▶ [Work to complete]: Everything from the line with "Оранжевая демисезонная футболка" to the line with "la musique joueur et arbre icône vecteur" in the listing below, both lines included, needs to be copied exactly, apart from the pictures.

▶ [Available data]:
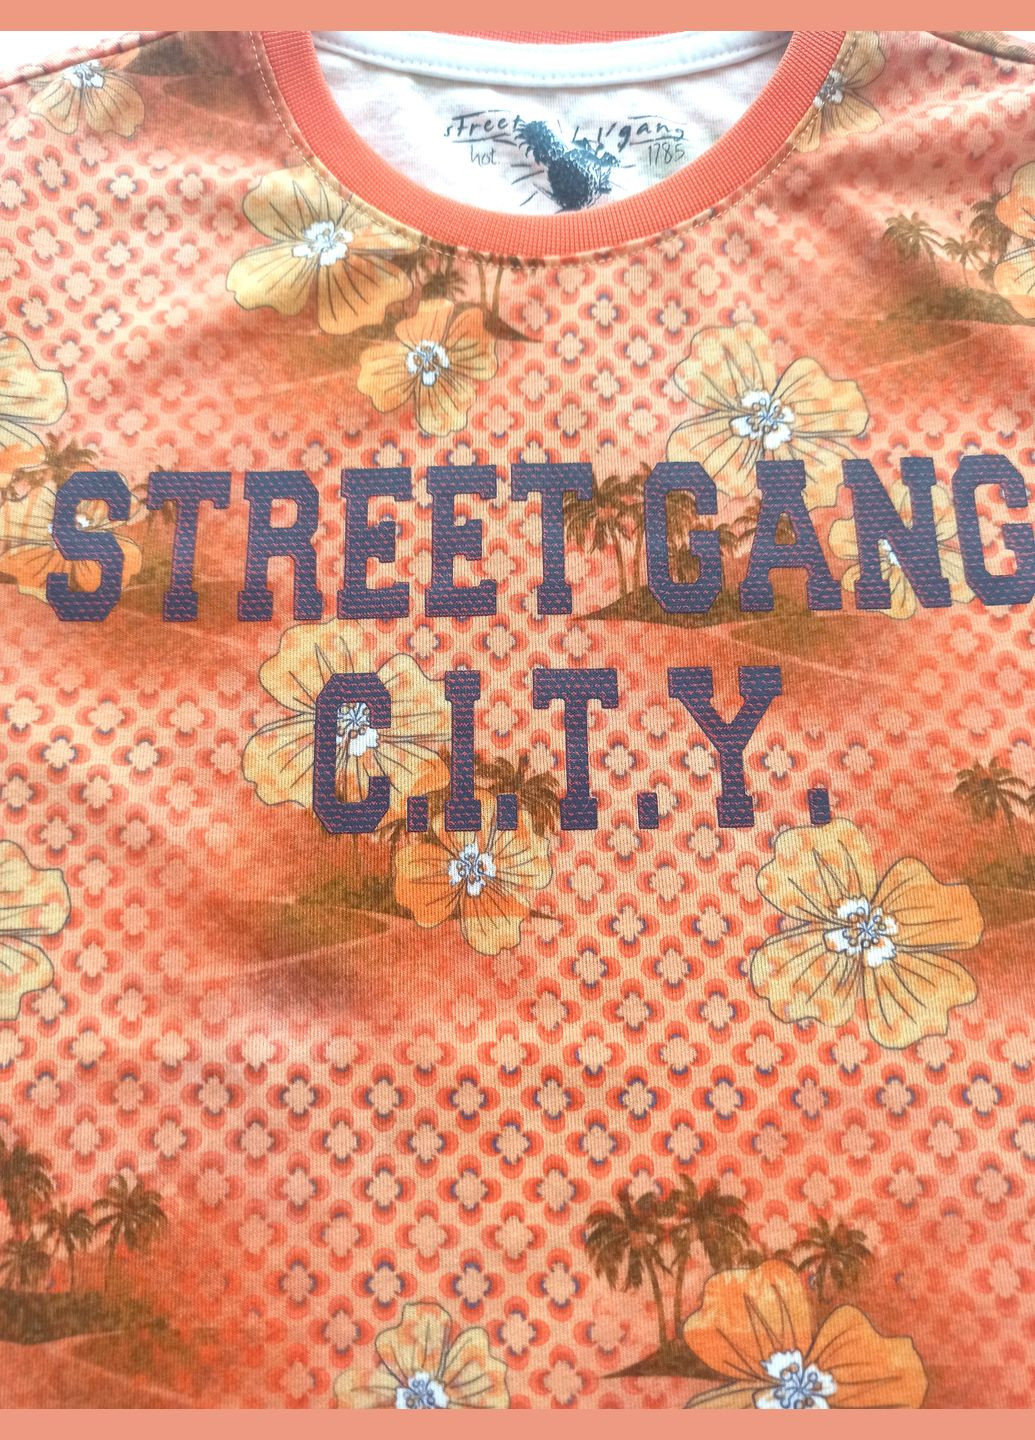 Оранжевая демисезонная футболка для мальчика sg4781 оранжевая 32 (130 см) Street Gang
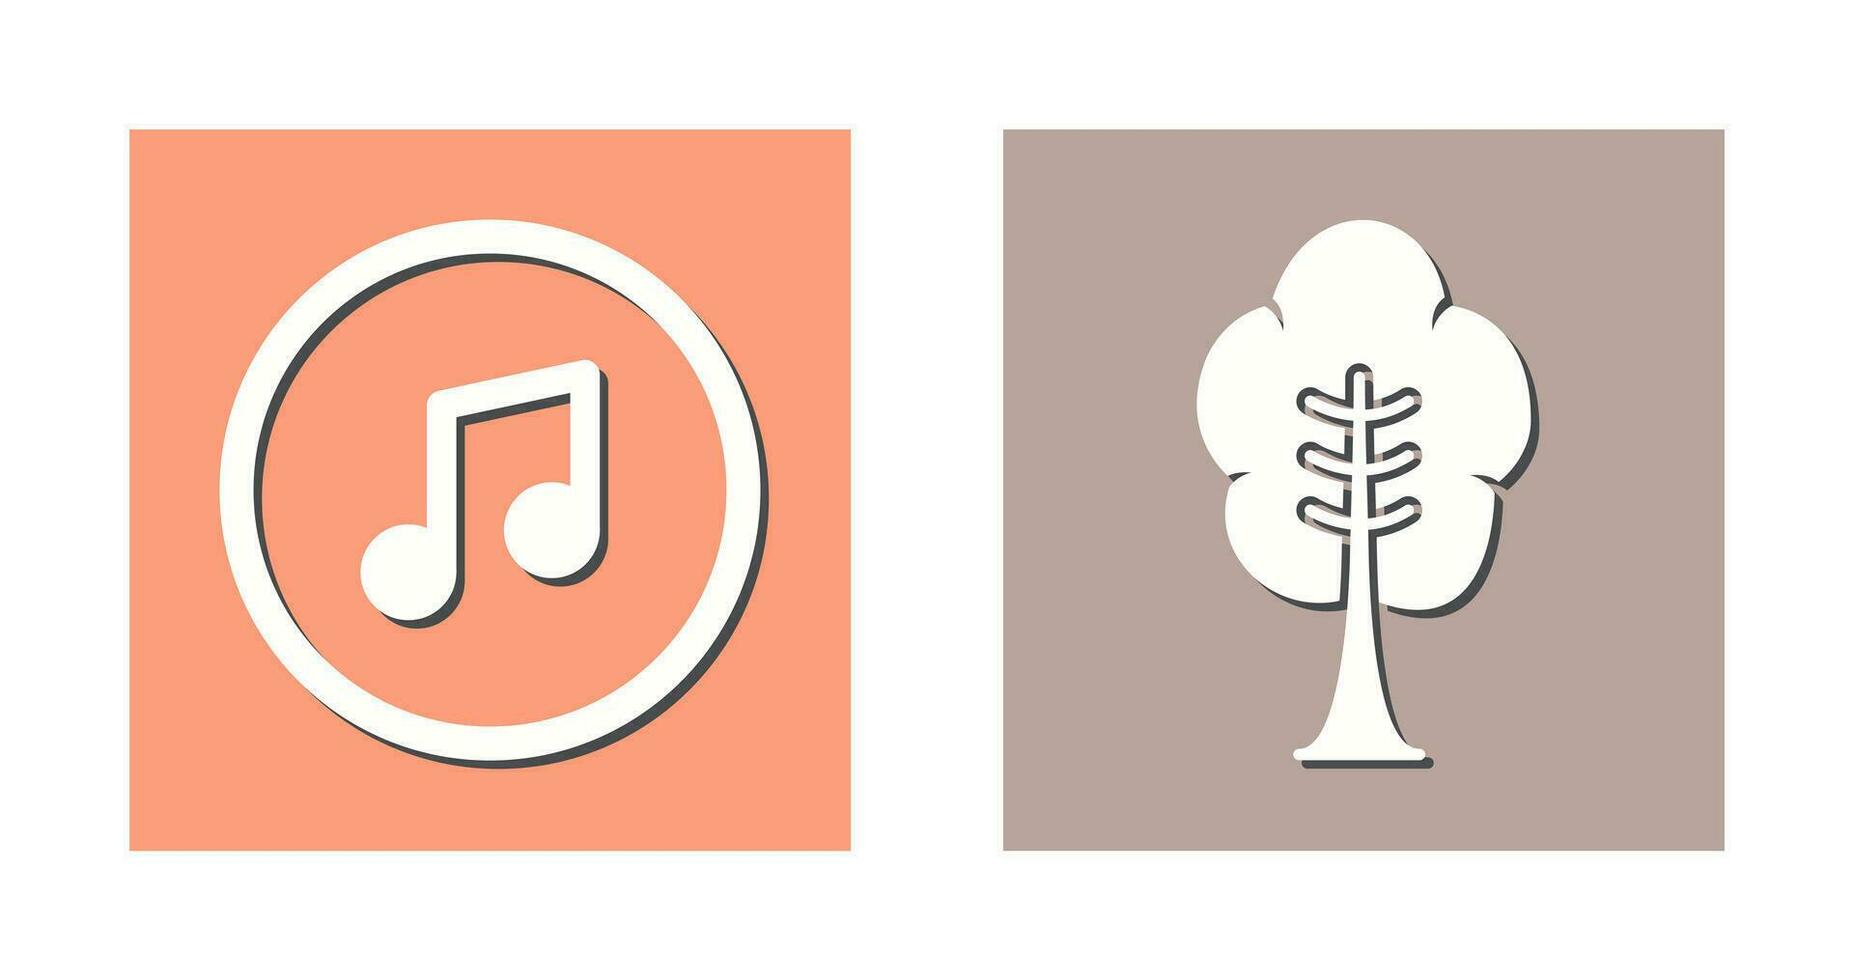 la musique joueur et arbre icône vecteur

==

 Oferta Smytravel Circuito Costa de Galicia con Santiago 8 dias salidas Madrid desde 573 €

==

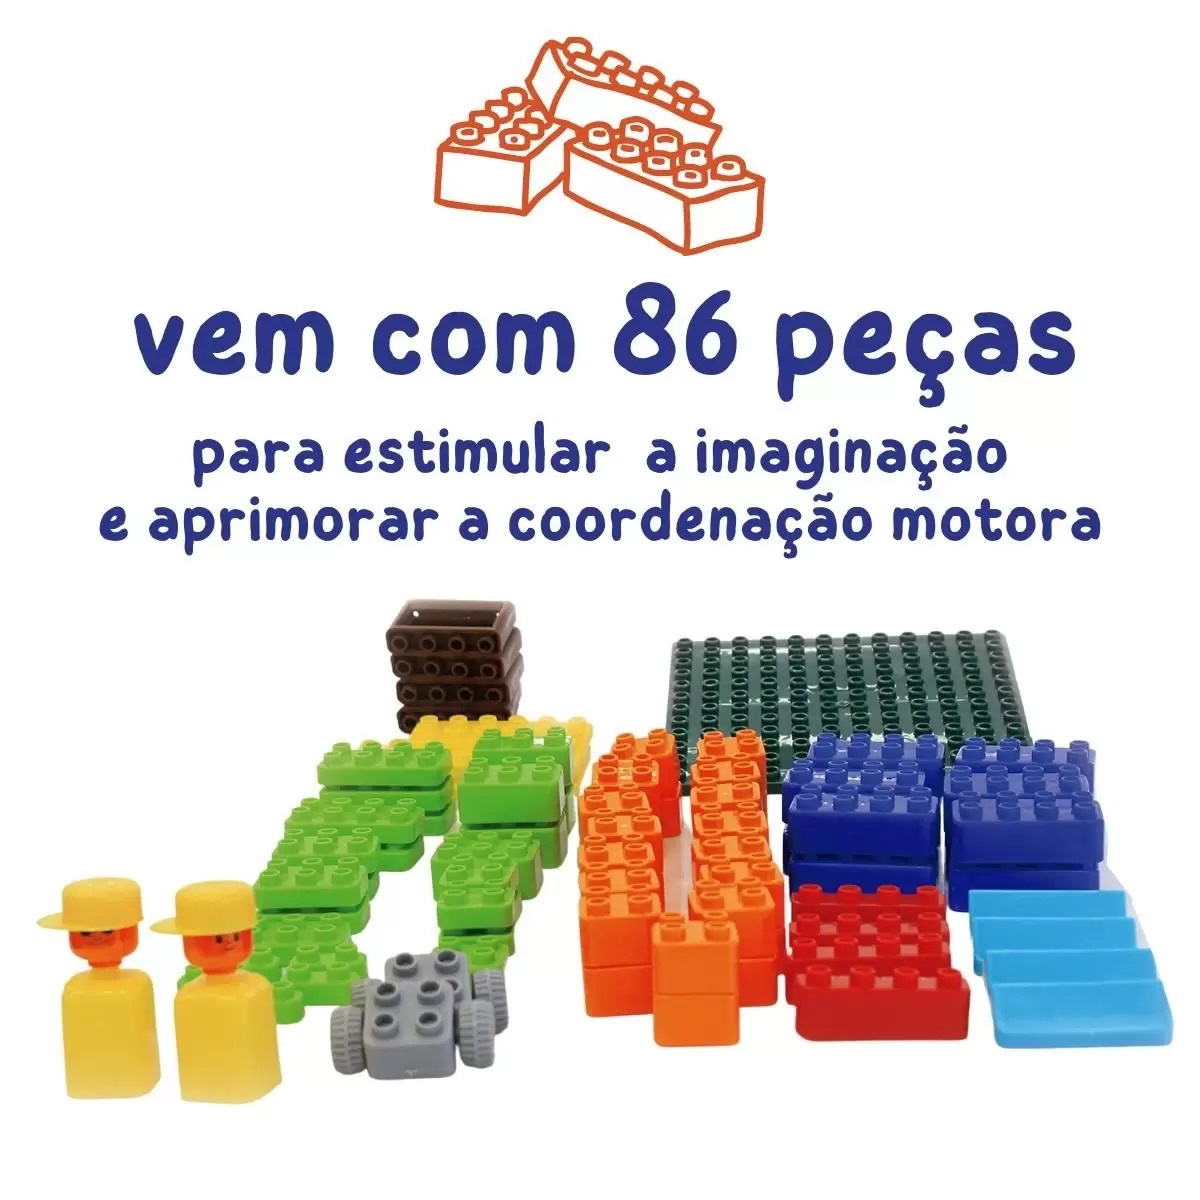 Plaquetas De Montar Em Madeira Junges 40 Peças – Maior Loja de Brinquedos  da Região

▶ [Answer box]:
 Оранжевая демисезонная футболка для мальчика sg4781 оранжевая 32 (130 см) Street Gang
 la musique joueur et arbre icône vecteur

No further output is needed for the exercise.